8 June 2009

North Korea and the Clock

Kennette Benedict

Kennette Benedict

Kennette Benedict is a senior adviser to the Bulletin of the Atomic Scientists and served as Executive Director and Publisher from 2005 until she retired in February 2015.  She is adjunct...


When the Bulletin last moved the hand of the Clock closer to midnight in January 2007, we noted our worries about what North Korea's nuclear arsenal might portend for future arms races in Northeast Asia and for further unraveling of the Nuclear Non-Proliferation Treaty (NPT). We viewed North Korea's program, along with Iran's uranium enrichment program for civilian nuclear power, the failure to adequately secure nuclear materials around the world, and the enormous nuclear weapon stockpiles in the United States and Russia as "symptomatic of a larger failure to solve the problems posed by the most destructive technology on Earth."

The Bulletin monitors developments around the world to track trends and events that contribute to a more dangerous or a safer world. Since January 2007 when the Bulletin Board of Directors moved the hand toward midnight--a metaphor for the end of civilization--positive steps have been taken that may partially balance the trends indicated by a nuclear-armed North Korea. Among encouraging signs are the public calls by former government officials in the United States, Britain, Germany, Australia, and elsewhere, for a "world free of nuclear weapons."

Perhaps even more significant is that, for the first time, a sitting U.S. president is taking steps to fulfill Washington's pledge under the NPT to begin nuclear disarmament with the publicly announced goal of achieving a nuclear-weapons-free world.
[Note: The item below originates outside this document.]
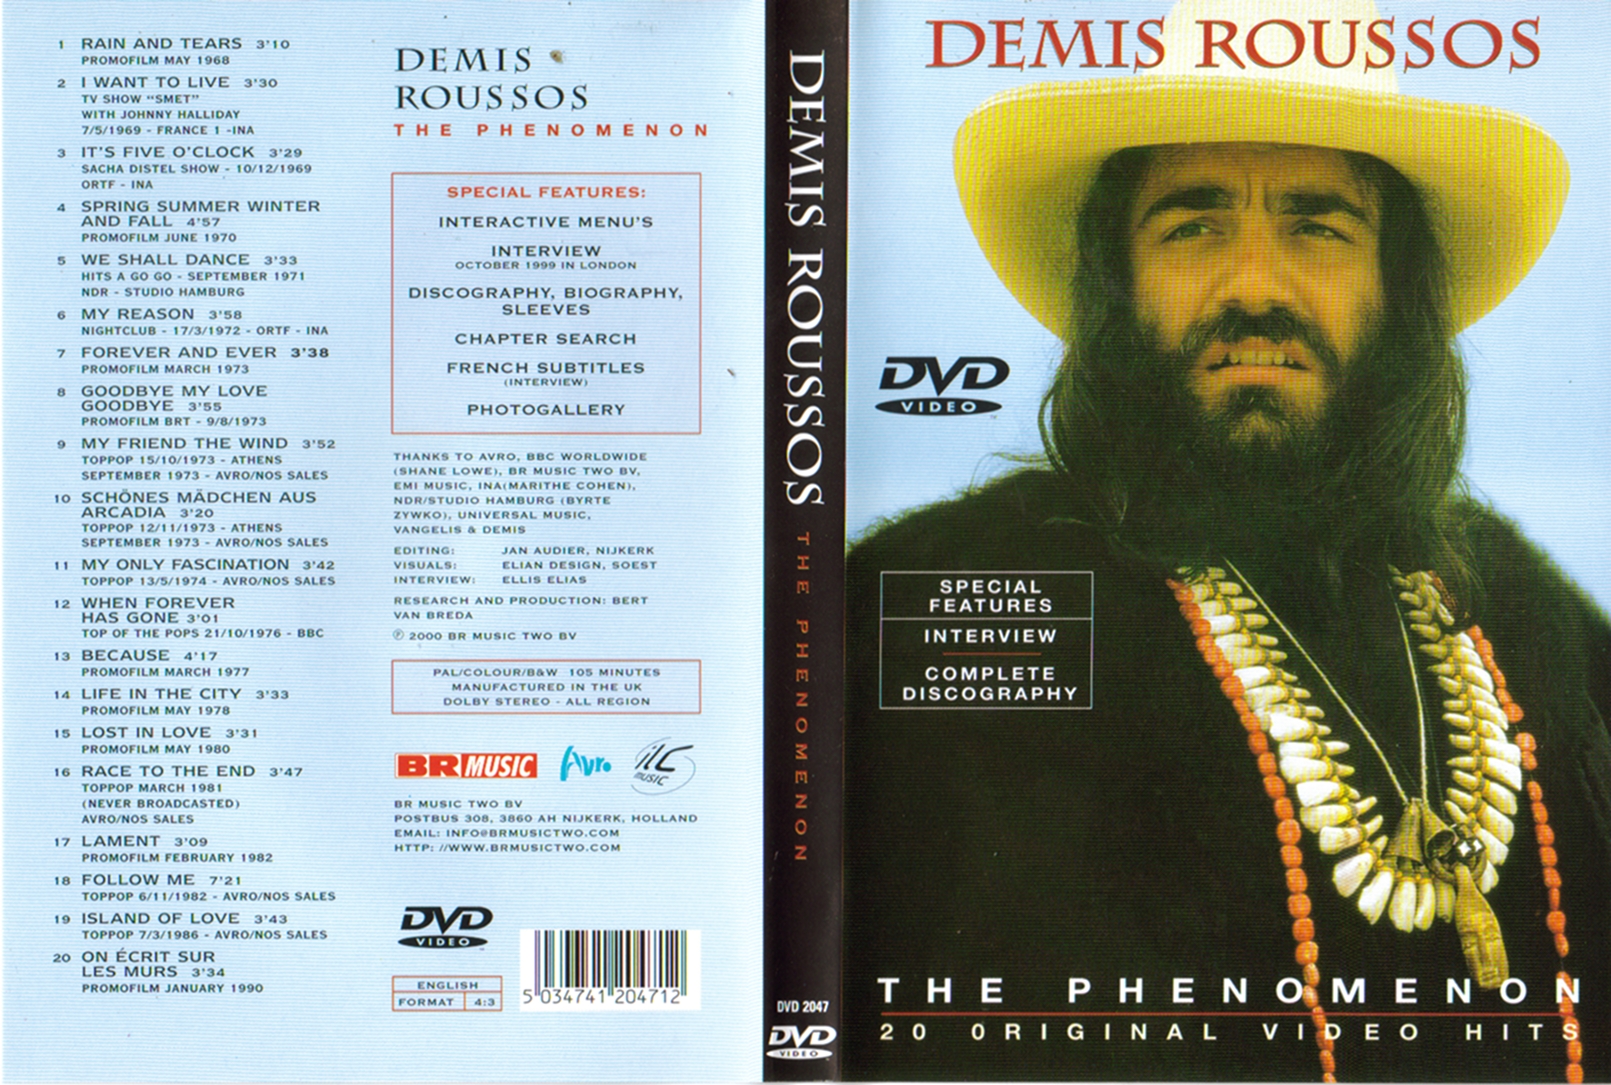 Jaquette DVD Demis Roussos - The phenomenon

The subsequent U.S.-Russian negotiations to reduce nuclear arsenals under a new bilateral treaty are proceeding well with a progress report scheduled for July and a signing deadline set for December 2009. Furthermore, the new pact will include provisions for verification and inspection, and may address the issue of national missile defense.

Even more encouraging is a subtle but marked shift in the public discourse about nuclear weapons--from talking about these arsenals as necessary to national security, to thinking about them as a problem and obstacle to security. As so many have understood, including leaders as varied as Dwight D. Eisenhower, Mikhail Gorbachev, Ronald Reagan, and now Barack Obama, these are weapons of genocide that have no place in a world that prohibits genocide.

But these developments don't mean that the world is safe from nuclear catastrophe. Far from it. Still worrisome is the fighting and turmoil in Pakistan, which possesses an estimated 50 nuclear weapons and missiles capable of hitting major cities in India. If nuclear weapons are a problem in stable countries, the risks are compounded many-fold in a politically violent maelstrom, such as the situation in Pakistan, where fighting over the legitimate control of the instruments of state has broken out.

Clandestine trade in nuclear weapons material and technology continues without adequate international inspection and investigation. Unfortunately, the International Atomic Energy Agency labors without enough funding and expert staff to monitor with confidence even the lawful commerce in civilian nuclear power technology. So diversion of highly enriched uranium or plutonium to groups bent on catastrophic disruption and mass killing is still a real possibility.

Finally, the United States and Russia continue to maintain their nuclear forces at a high state of launch readiness, still capable of conducting all-out nuclear war every minute of every day, even as they negotiate in good faith to reduce, dismantle, and lock away their nuclear bombs.

So, is the world safer now than it was two years ago? Perhaps not, but the major powers--the first inventors of nuclear bombs--are trying to shed the enormous arsenals they built up over 60 years of reckless hostilities. From a high of nearly 70,000 warheads in the mid-1980s, Russia and the United States are more than halfway to zero. It then would be among the most terrible ironies of history if an arms race in Northeast Asia began just as the first nuclear arms race between the United States and Russia was winding down. Such a regional nuclear weapons competition might even stimulate arms races in other regions, e.g., the Middle East.

With even the hint of such possibilities, it's clear that humanity is still imperiled. Without robust cooperative efforts to bring nuclear weapons and material under control, and the enforcement of effective laws to prohibit their production and use, we still face catastrophe from the most dangerous technology on Earth. The Clock is ticking.